The truth of the matter is that the bike rides like a $6500 bike and makes that price point seem slightly more reasonable, which is frankly not an easy feat when there are bikes out there that look similar, are made of fancy tubesets as well, come close to this weight, and ALSO retail for thousands less. There is a lot of honesty in the claim that high-end steel has a sort of mystical ride character that is especially evident on rough and rugged terrain, and this bike illustrates that claim better than most.

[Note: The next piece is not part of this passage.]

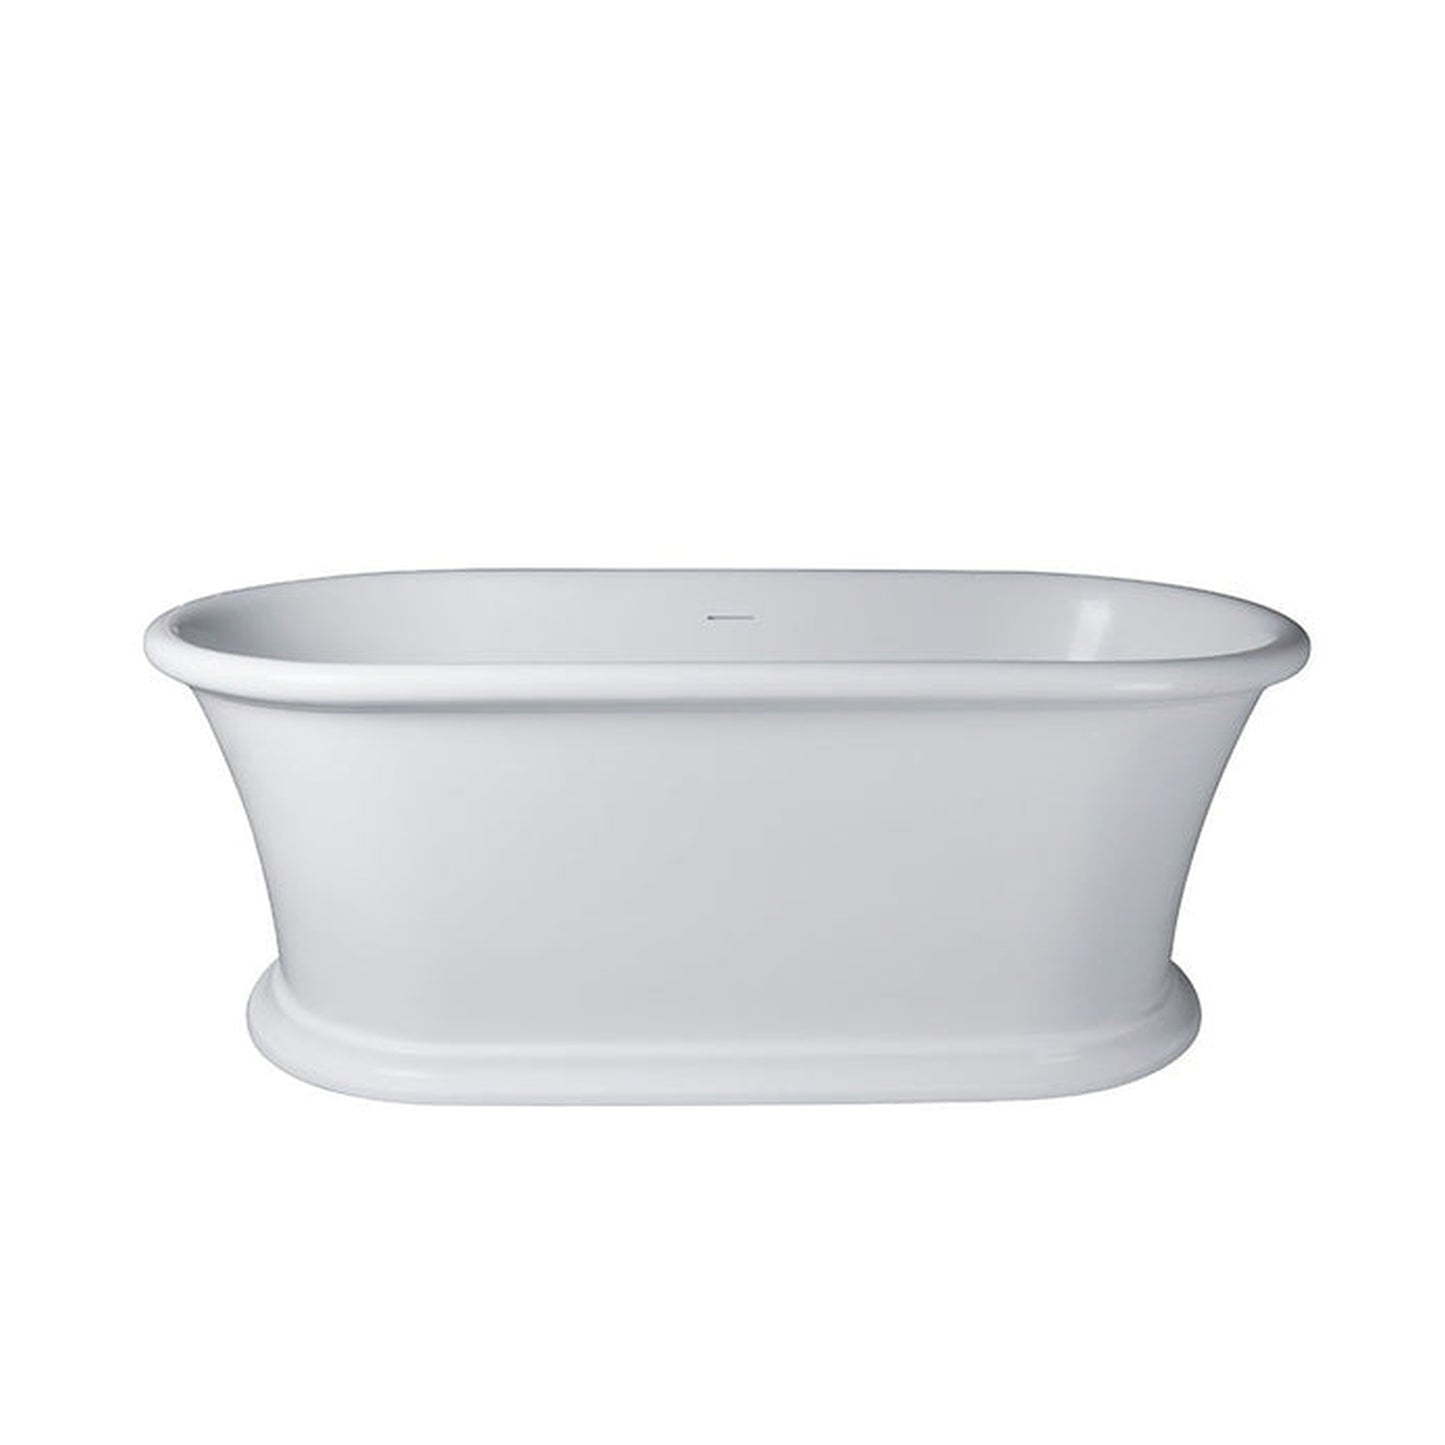 Vanity Art 67" Matte White Flatbottom Freestanding Solid Surface Resin Stone Bathtub With Slotted Overflow and Pop-up Drain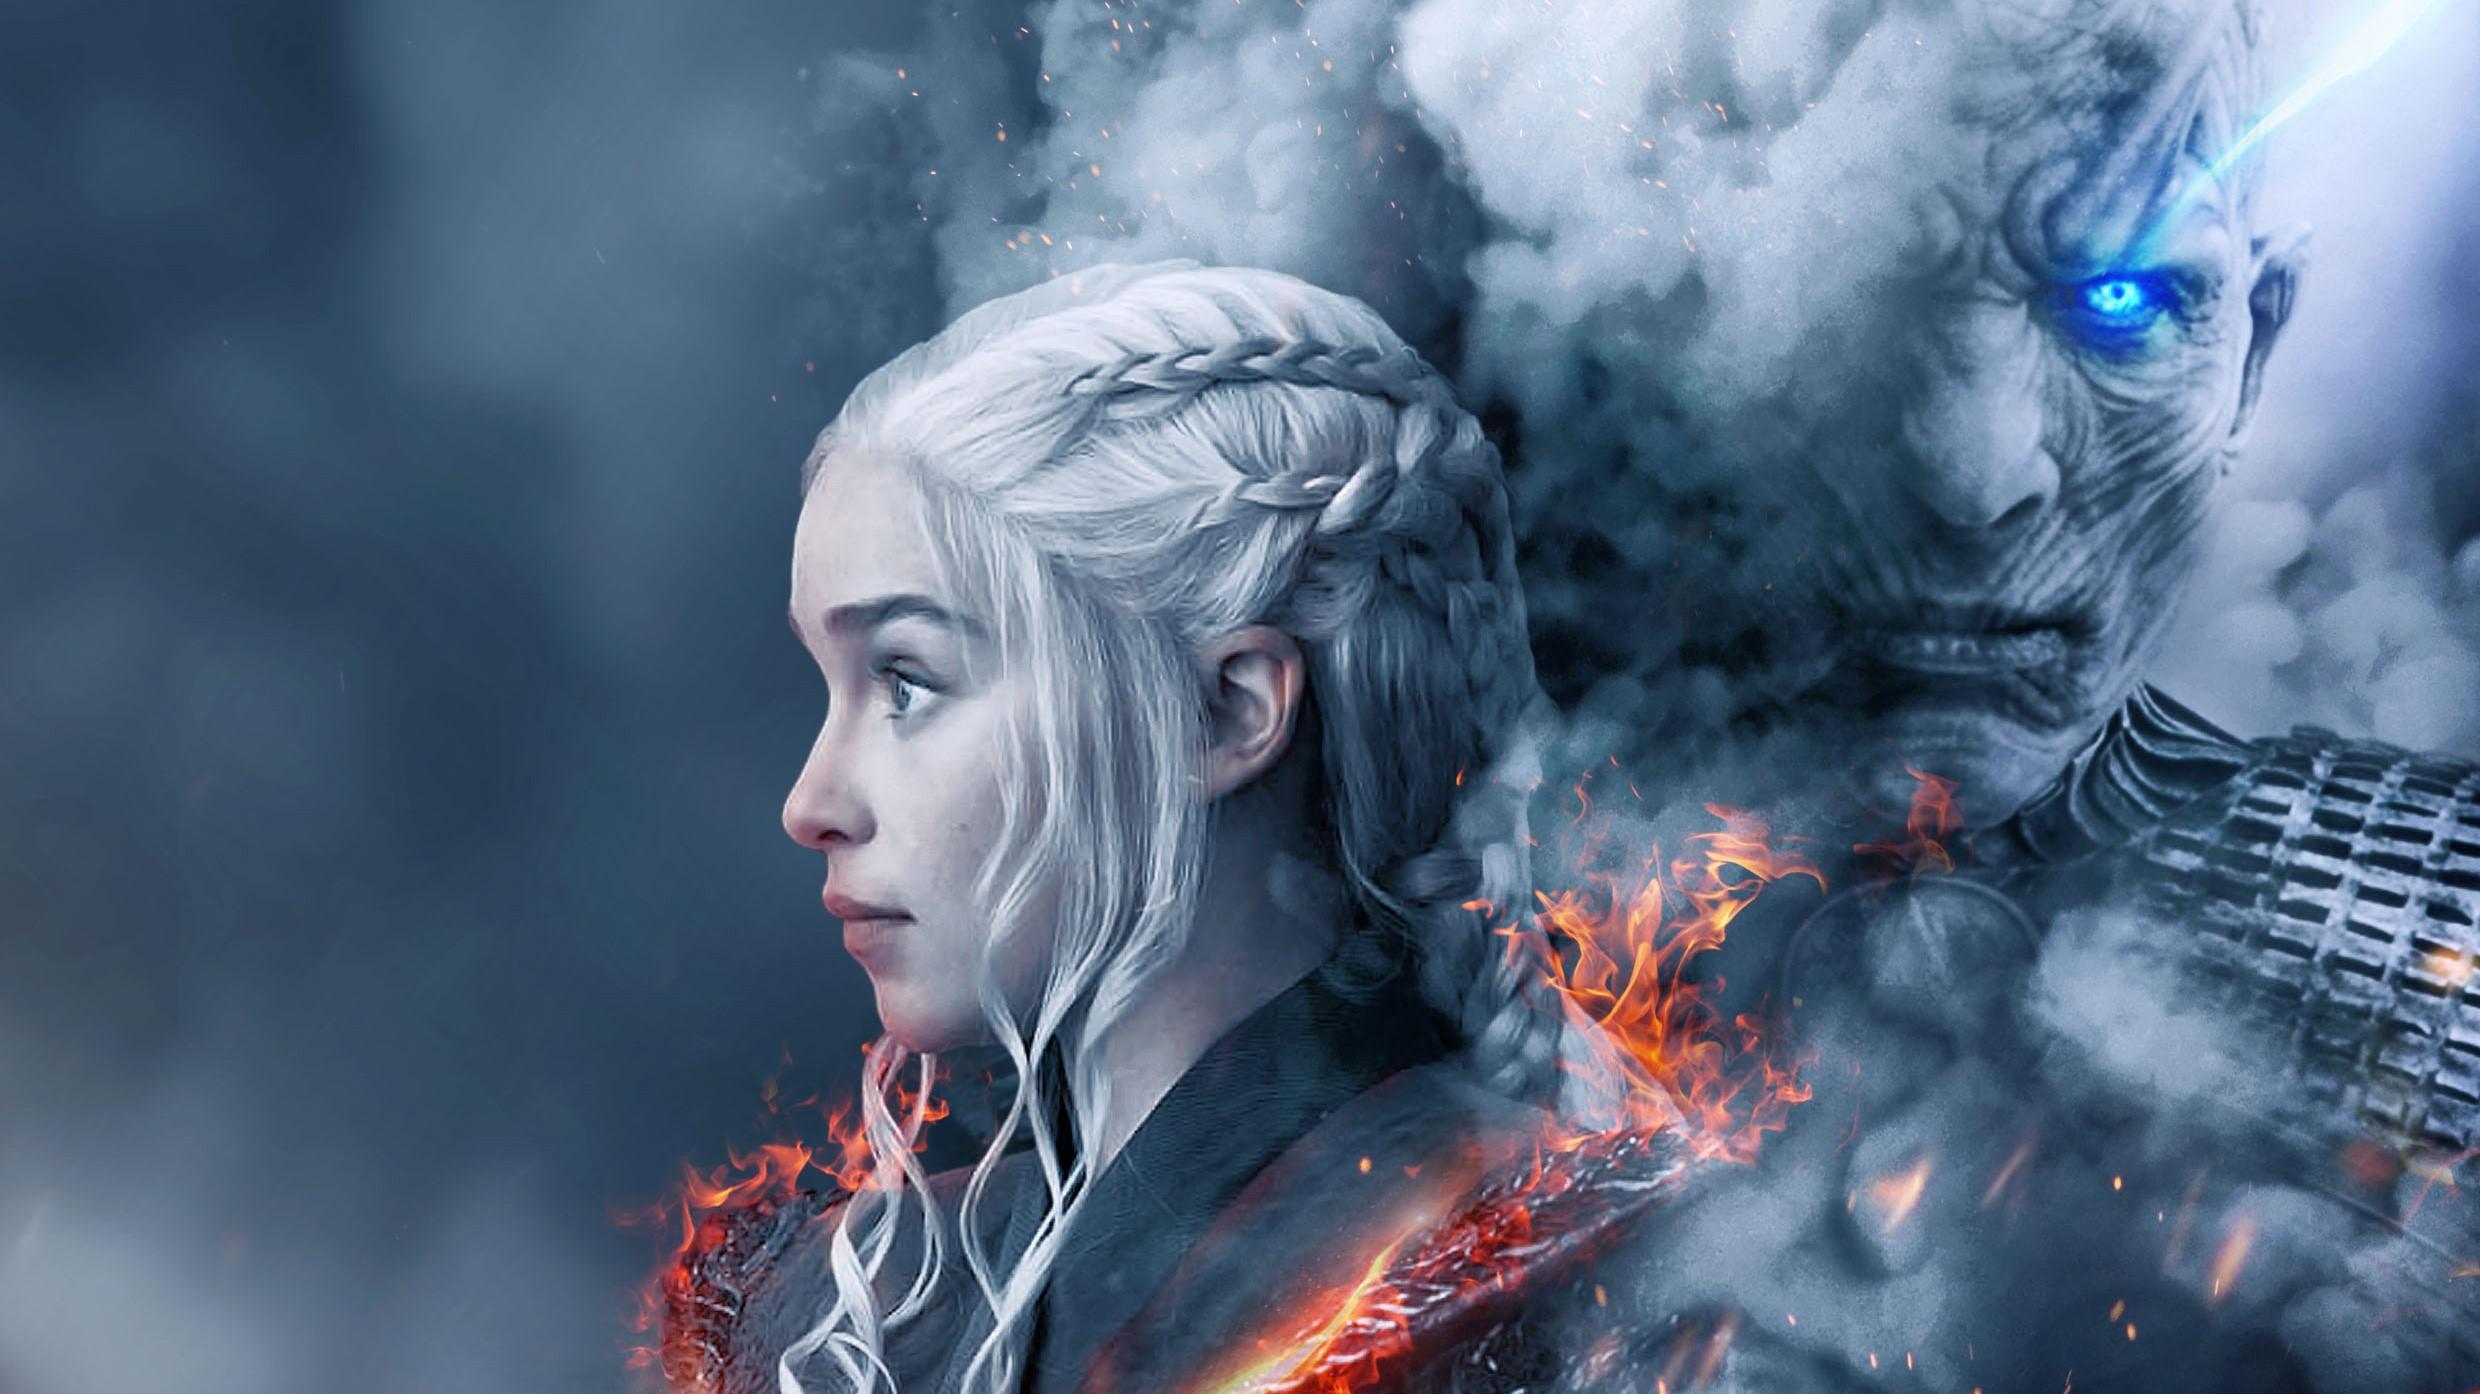 Wallpaper ID 82017 game of thrones season 8 game of thrones

I do have a few complaints. For one, the cable routing to the rear derailleur needs another braze-on to keep the housing from protruding too much; it hits the back of my shoe with every pedal stroke. I’m all for a clean and uncluttered aesthetic, but with the massive front triangle, this bike should embrace the current trend of adding an additional set of bosses inside the frame near the head tube to allow the use of a third bottle inside the triangle, and it should also have bosses on the top tube for a bolt-on gas tank-style bag that every gravel bike seems to have these days. I’d also like to see singlespeed compatibility built-in at this price point rather than as a custom option in efforts to make the bike a bit more competitive with other premium MUSA frames.
If we are all being honest with ourselves – more important now than ever, I think – nobody actually NEEDS a $6500 steel race bike to join their local group ride or to race the Mid South or Dirty Kanza. There are American-made titanium gravel bikes out there that cost the same as this steel bike but then again, nobody NEEDS a $90,000 fully built-out Adventuregram van complete with satellite tv and a fully stocked organic kitchen to take to the mountains once per year and nobody NEEDS a bottle of 25-year-old single malt whiskey to drink while they have a Zoom cocktail hour with their quarantined friends, but there are some things in life that are not about need. I like bikes more than I like most things. Bikes are the means by which I connect with the world and also escape from the world when necessary. It’s okay to have an expensive hobby if it makes you happy, and it’s not wasteful to invest in your mental health. Bikes are great, and we should all ride them more no matter how apocalyptic the world becomes. And if shit in the world gets all the way there, this bike is ready to take you beyond the Thunderdome, even if only for a little while. Just watch out for Master Blaster.
WHICH WOULD BE A GREAT NAME FOR ANOTHER BIKE, REEB!